Wednesday, March 21, 2012

ABCDs ; The Culture-Conflict. 38



                                               (Source : The Namesake by Jhumpa Lahiri)


                That night at the dinner table, Gogol brought it up with his parents. It was one thing for Gogol to be the name penned in calligraphy on his high school diploma, and printed  below his picture  in the year book, he'd begun. It was one thing, even for it to be typed on his applications to five Ivy League colleges, as well as to Stanford and Berkeley. But engraved, four years from now, on a bachelor of arts degree ? Written at the top of resume ? Centered on a business card ? It would be the name his parents picked out for him, he assured them, the good name they'd chosen for him when he was five.
           "What's done is done," his father had said. "It will be a hassle. Gogol has, in effect, become your good name."
            "It's too complicated now," his mother said, agreeing. "you're too old."
             "I'm not," he persisted. "I don't get it. Why did you have to give me a pet name in the first place ? What's the point ?"
            "It's our way, Gogol," his mother maintained. "It's what Bengalis do."
             "But it's not even a Bengali name."
            He told his parents what he'd learned in Mr. Lawson's class, about Gogol's lifelong unhappiness, his mental instability, about how he had starved himself to death. "Did you know all this stuff about him ?" he asked.
           "You forgot to mention that he was also a genius," his father added.
            "I don't get it. How could you guys name me after someone so strange ? No one takes me seriously," Gogol said.
             "Who ? Who does not take you seriously ?" his father wanted to know, lifting his finger from his plate, looking up at him.
              "People," he said, lying to his parents. For his father had a point, the only person who didn't take Gogol seriously, the only person who tormented him, the only person chronically aware of and afflicted by the embarrassment of his name, the only person who constantly questioned it and wished it were otherwise, was Gogol. And yet he'd continued, saying that they should be glad, that his official name would be Bengali, not Russian.
             "I don't know, Gogol," his mother had said, shaking her head. "I really don't know." She got up to clear the dishes.
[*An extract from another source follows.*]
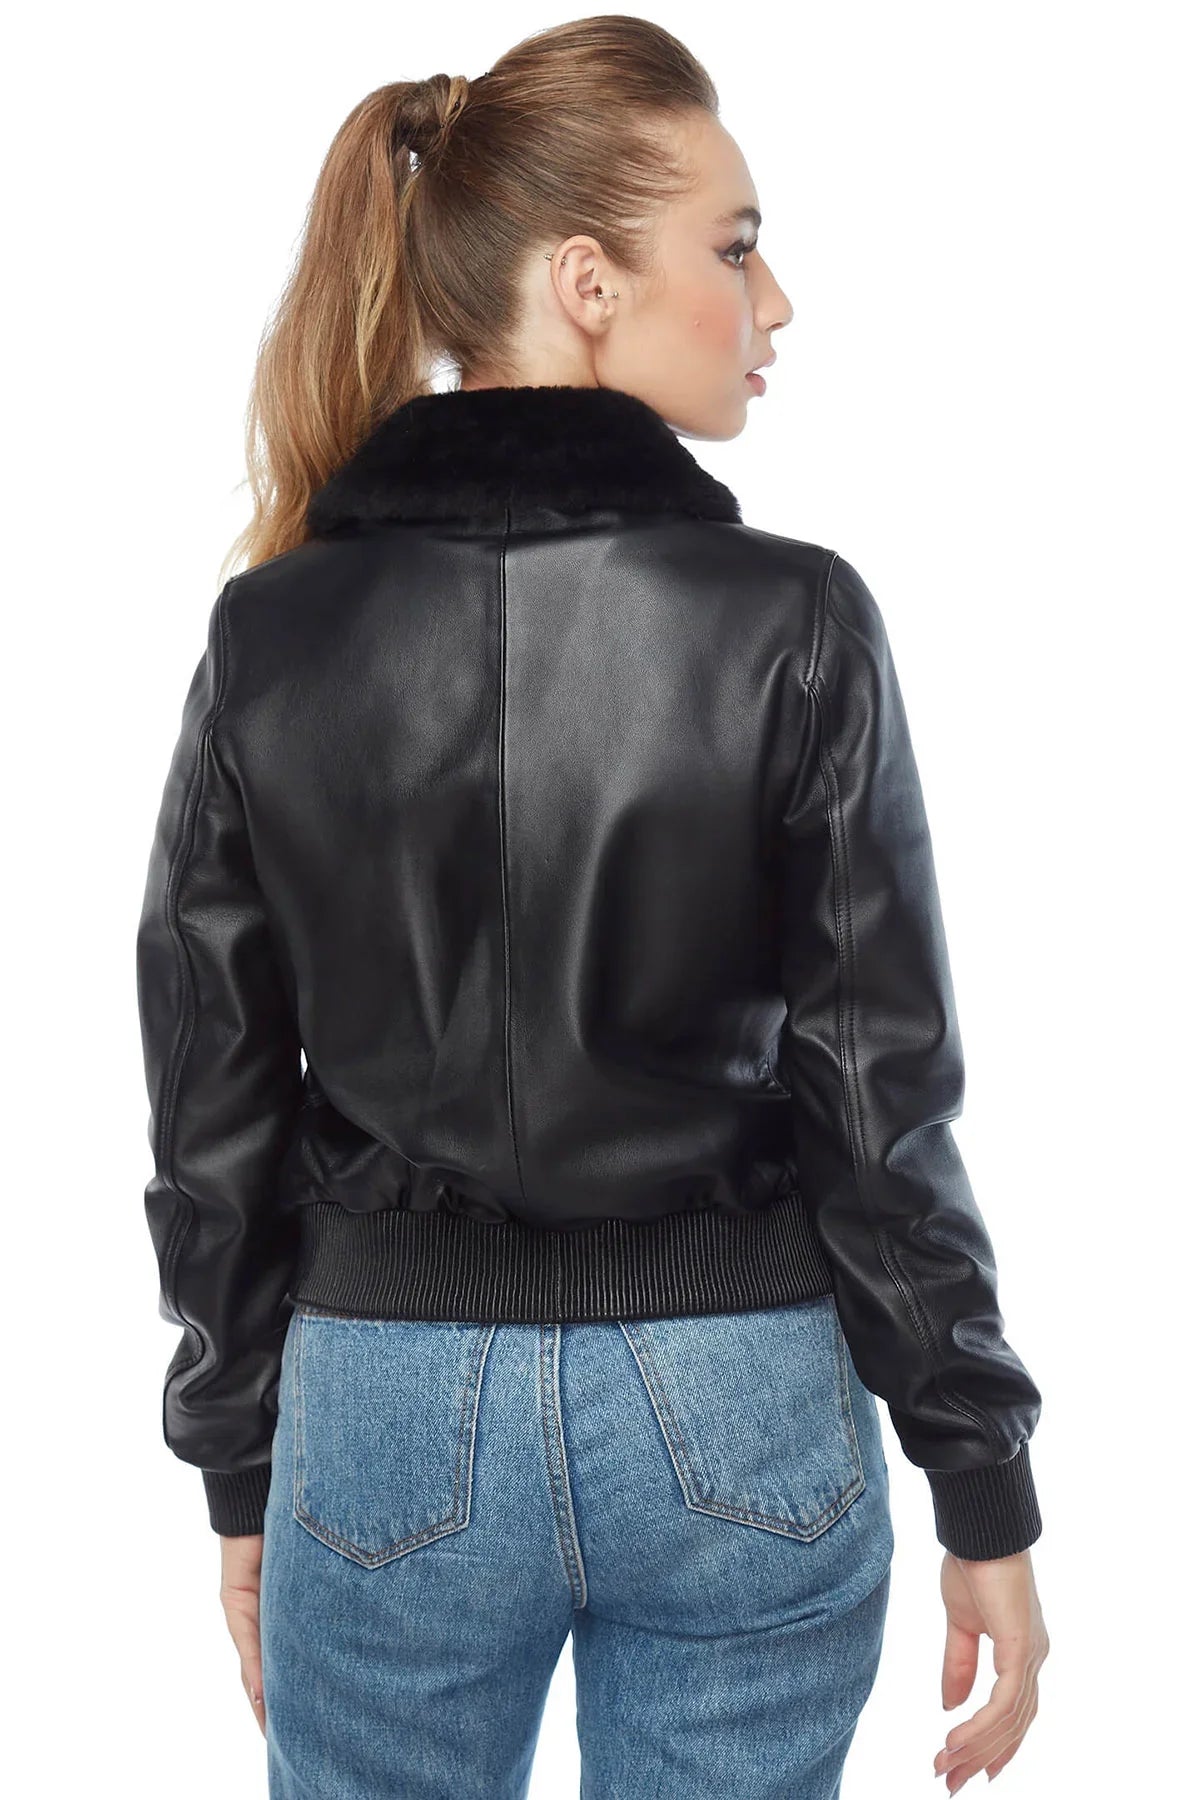 Women's Jet Black Bomber Leather Jacket

Sonia slinked away, up to her room. Gogol remained at the table with his father. They sat there together while his mother was washing the plates.
             "Then change it," his father said simply, quietly, after a while.
             "Really ?"
             "In America anything is possible. Do as you wish."
             And so he had obtained a Commonwealth of Massachusetts change-of-name form, to submit along with a certified copy of his birth certificate and a check to the Middlesex Probate and Family court. He'd brought form to his father, who had glanced at it only briefly before signing his consent, with the same resignation with which he signed a check or a credit card receipt, his eyebrows slightly raised over his glasses, inwardly calculating the loss. He'd filled out the rest of the form in his own room, late at night when his family was asleep. He wrote in the new name he wished to adopt, then signed the form with his old signature. Only one part of the form had given him pause : in approximately three lines, he was asked to provide a reason for seeking the change. For nearly an hour he had sat there, wondering what to write. He'd left it blank in the end.